▶ **DATA EXTRACT**
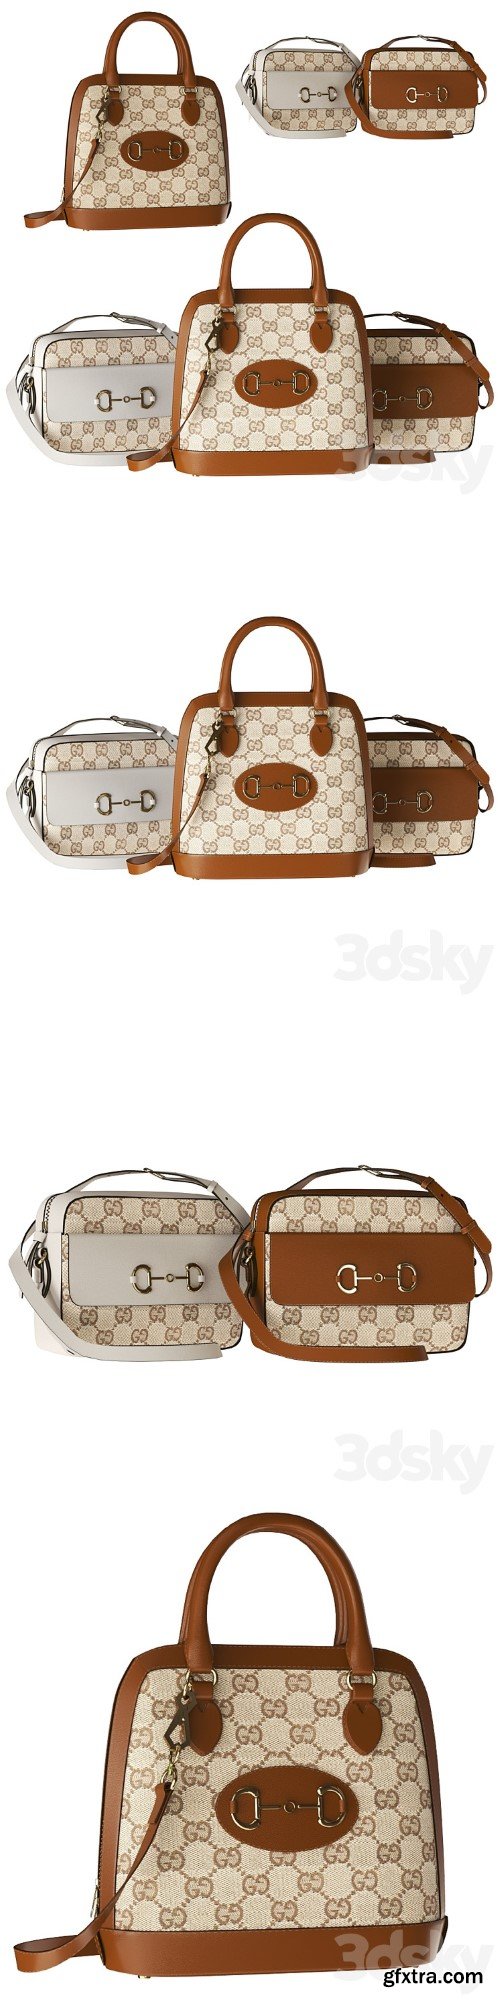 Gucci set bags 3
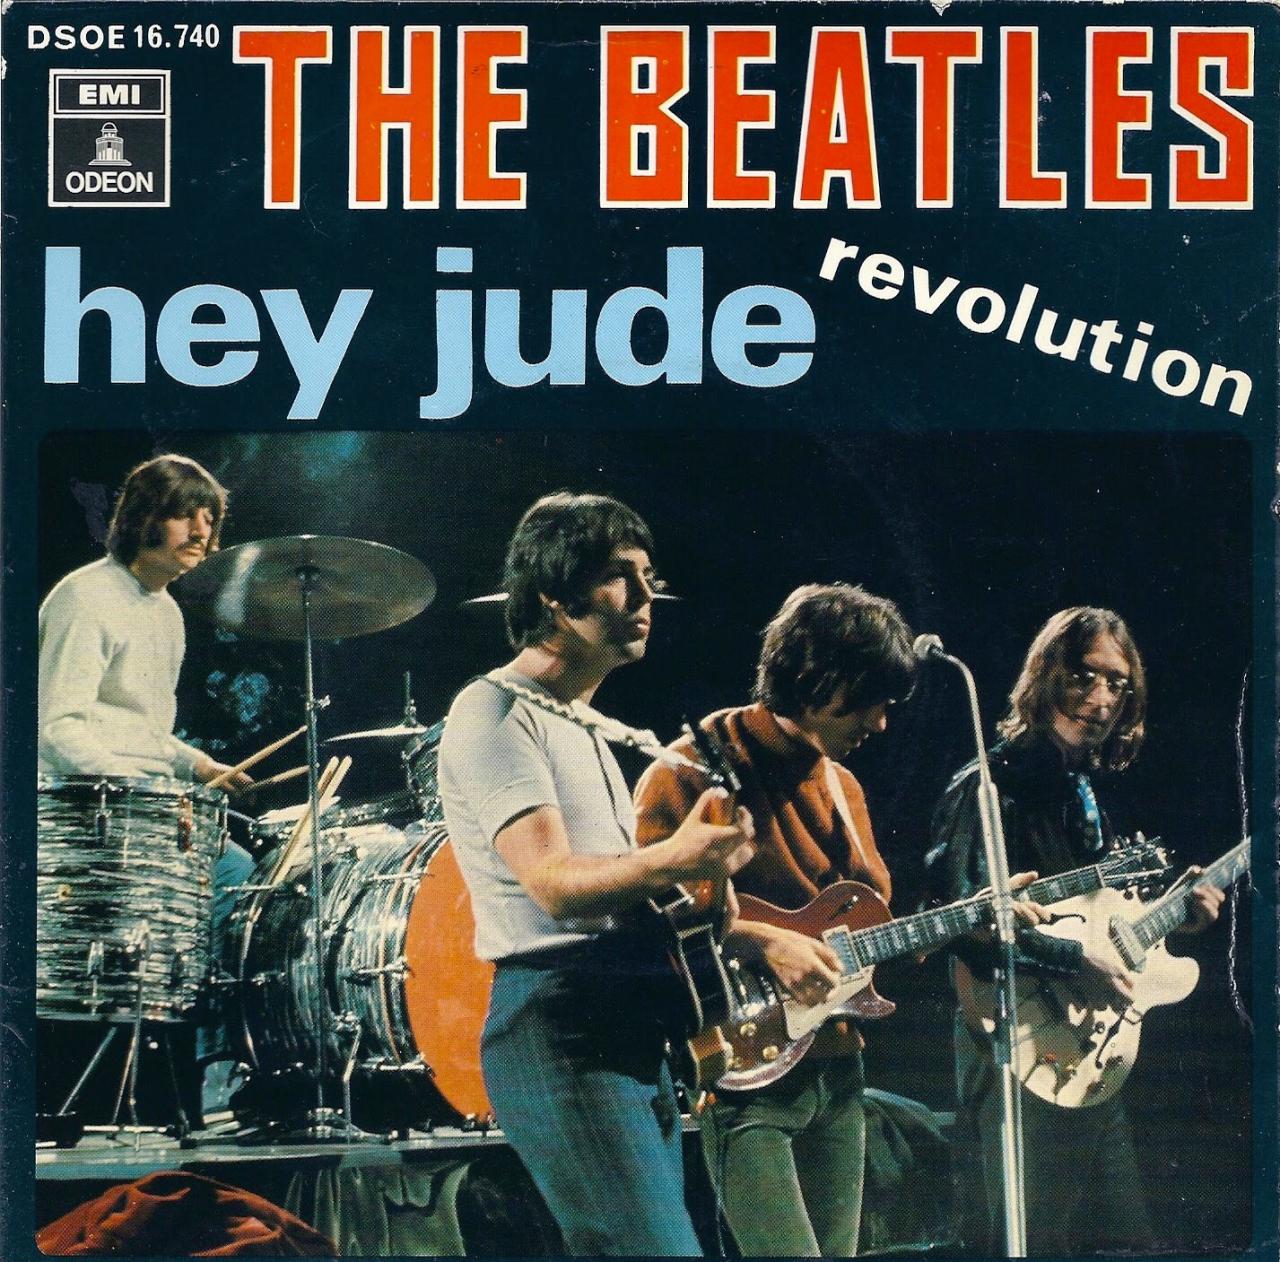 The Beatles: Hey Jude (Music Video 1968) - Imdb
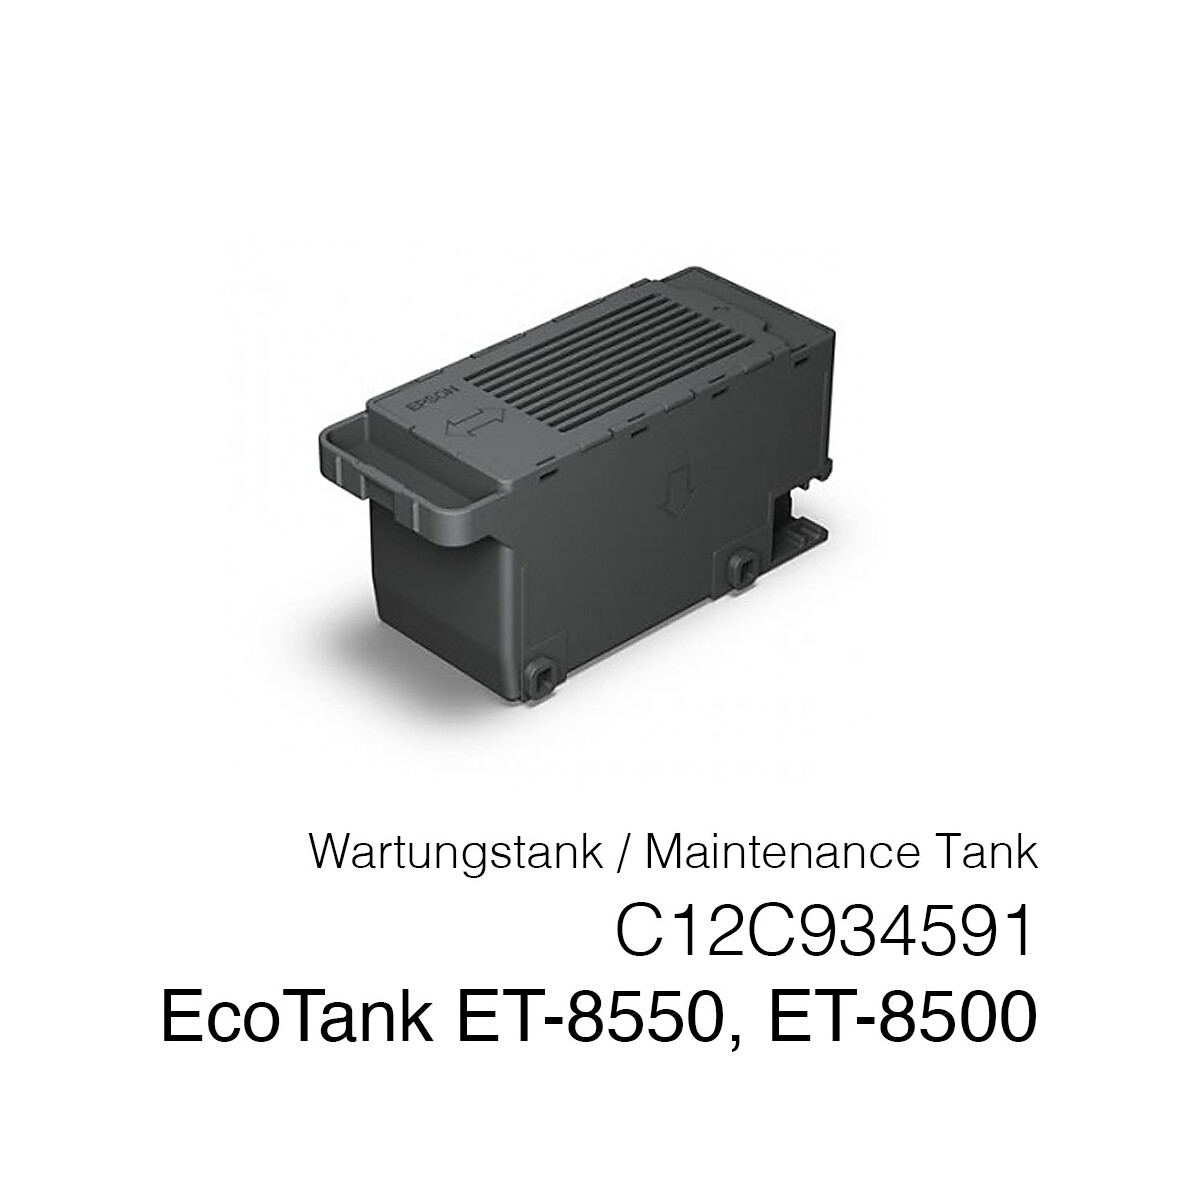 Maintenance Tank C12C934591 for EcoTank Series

▶ **BRIEF**
Please write out every line of the listing above exactly, and leave the images behind.

▶ **TASK RESPONSE**
 Gucci set bags 3
 The Beatles: Hey Jude (Music Video 1968) - Imdb
 Maintenance Tank C12C934591 for EcoTank Series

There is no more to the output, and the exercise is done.